Sports Betting Dispute Has Also Dragged Sweepstakes Policy Into the Fight
The House–Senate divide has extended beyond sports wagering and into Mississippi’s parallel crackdown on sweepstakes casinos.
Last year, the Mississippi Senate became the first legislative chamber in the U.S. to pass a bill banning sweepstakes casinos. However, once the proposal crossed over to the House, Eure inserted mobile sports betting language into the bill. That deepened the tension between the chambers, and the bill ultimately failed.
Blount was a co-sponsor of the sweepstakes ban measure last session. He is also backing the 2026 version, SB 2104, which seeks to explicitly outlaw online sweepstakes casino platforms.

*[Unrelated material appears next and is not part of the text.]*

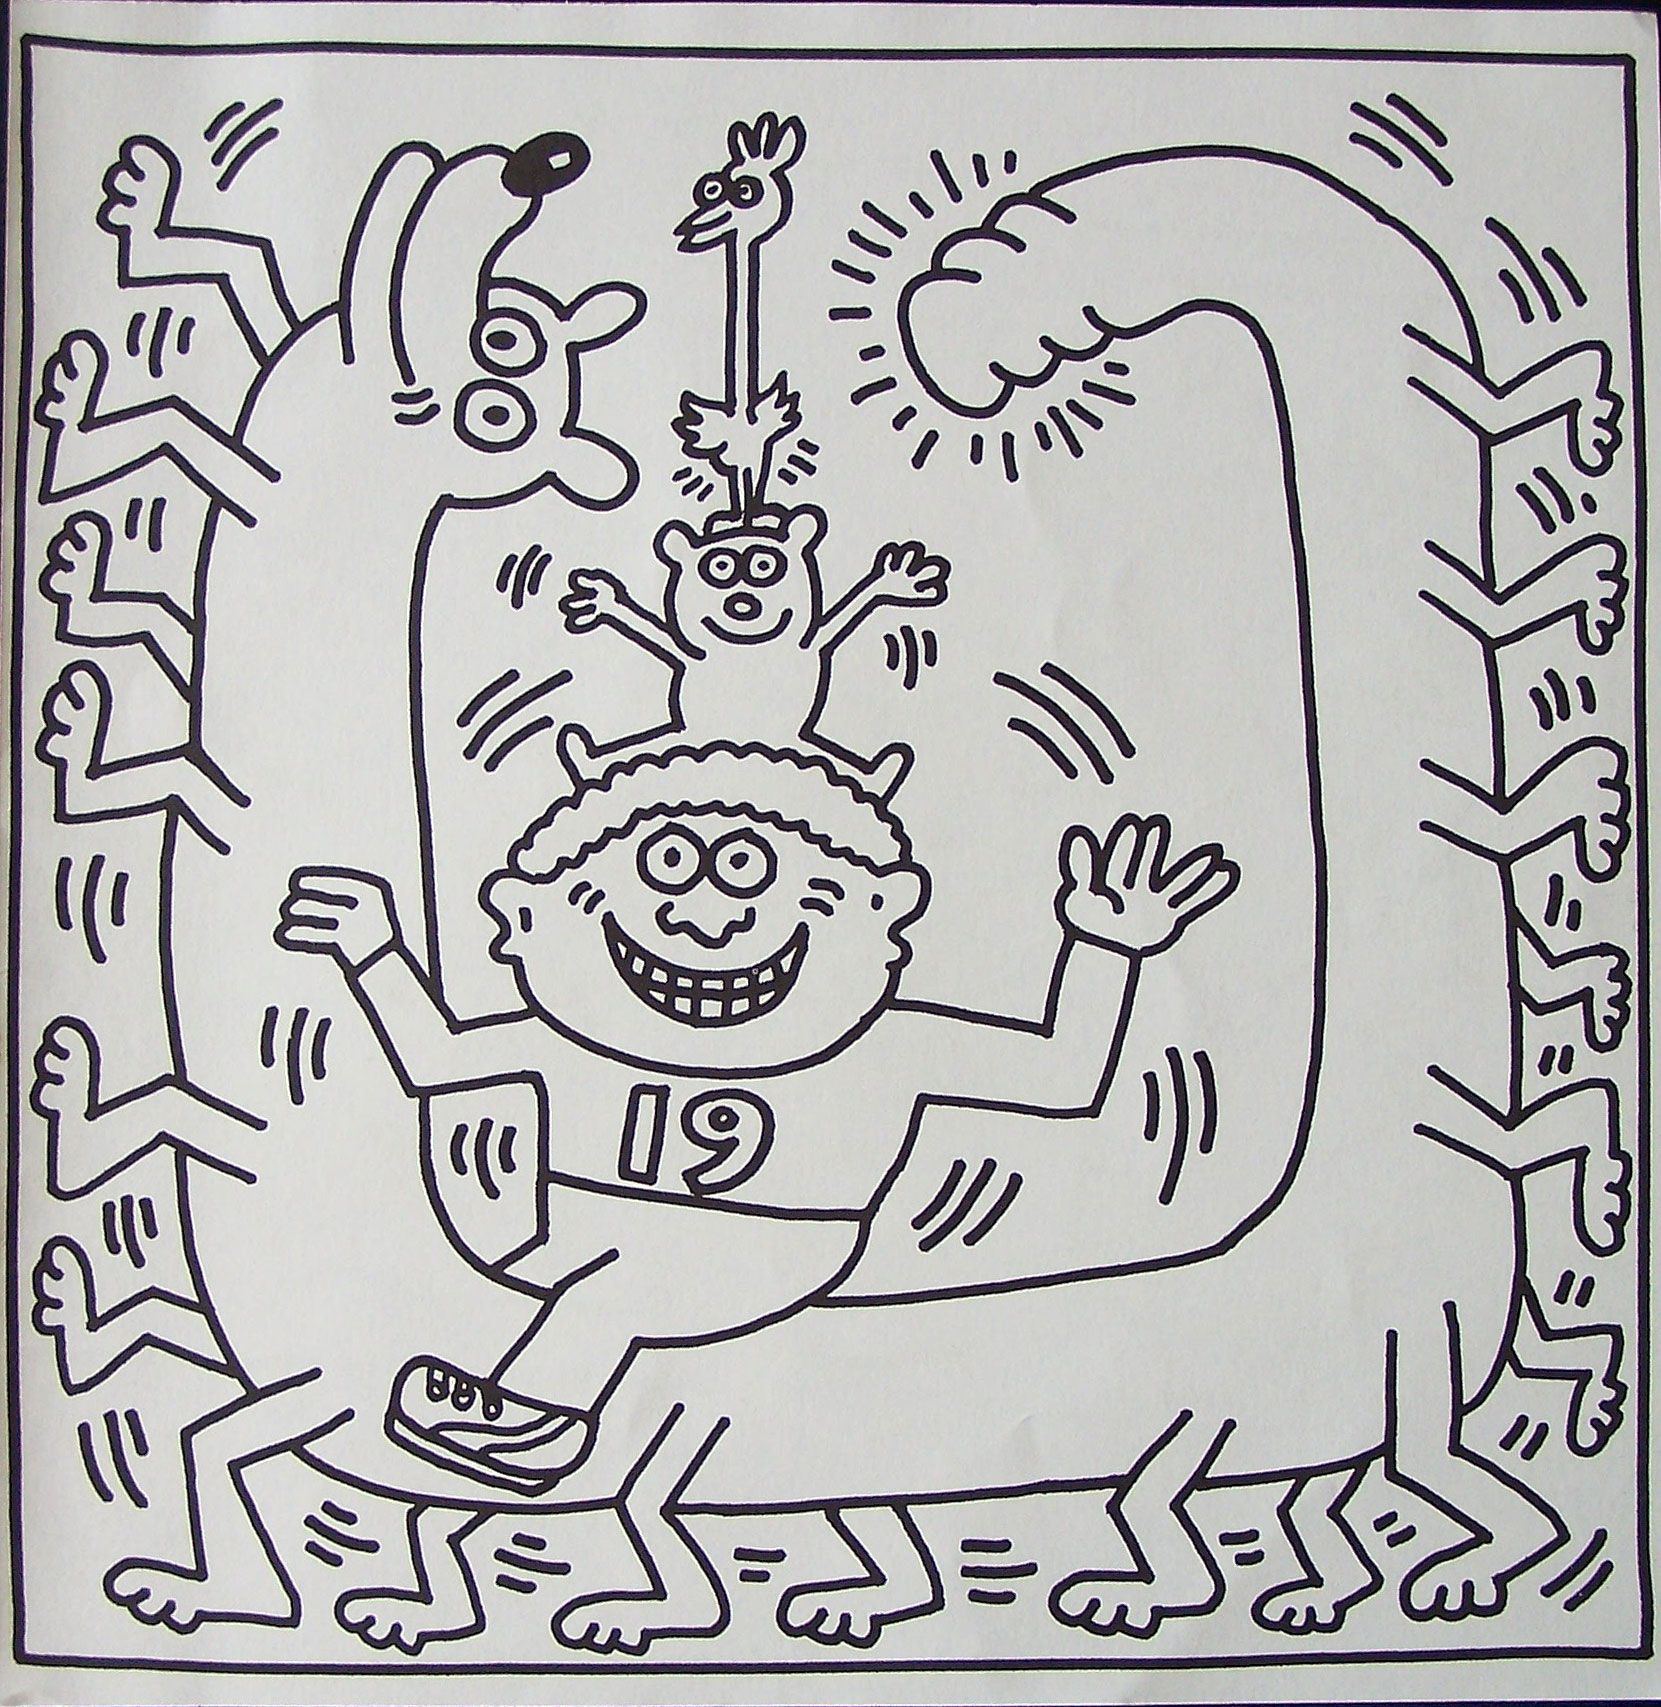 Keith Haring Kleurplaat Lithografie 19 En 20 Keith Haring Pop Art Pattern Coloring Pages

That episode underscored how disagreements over sports betting have repeatedly spilled into other gaming policy fights, complicating enforcement efforts and conference negotiations.
A Familiar Test Ahead
With both House sports betting bills sitting in Eure’s committee, the next development will be whether he or other committee members introduce an amended version that formally links mobile betting revenue to PERS.
Still, the proposal faces the same obstacle that has blocked it for years. Blount or other Senate leaders could remain unconvinced that legalization is worth the political and regulatory costs.
For now, Mississippi’s latest mobile sports betting push is being framed not as gambling expansion but as pension policy. This reframing may determine whether 2026 finally breaks the stalemate or simply repeats it.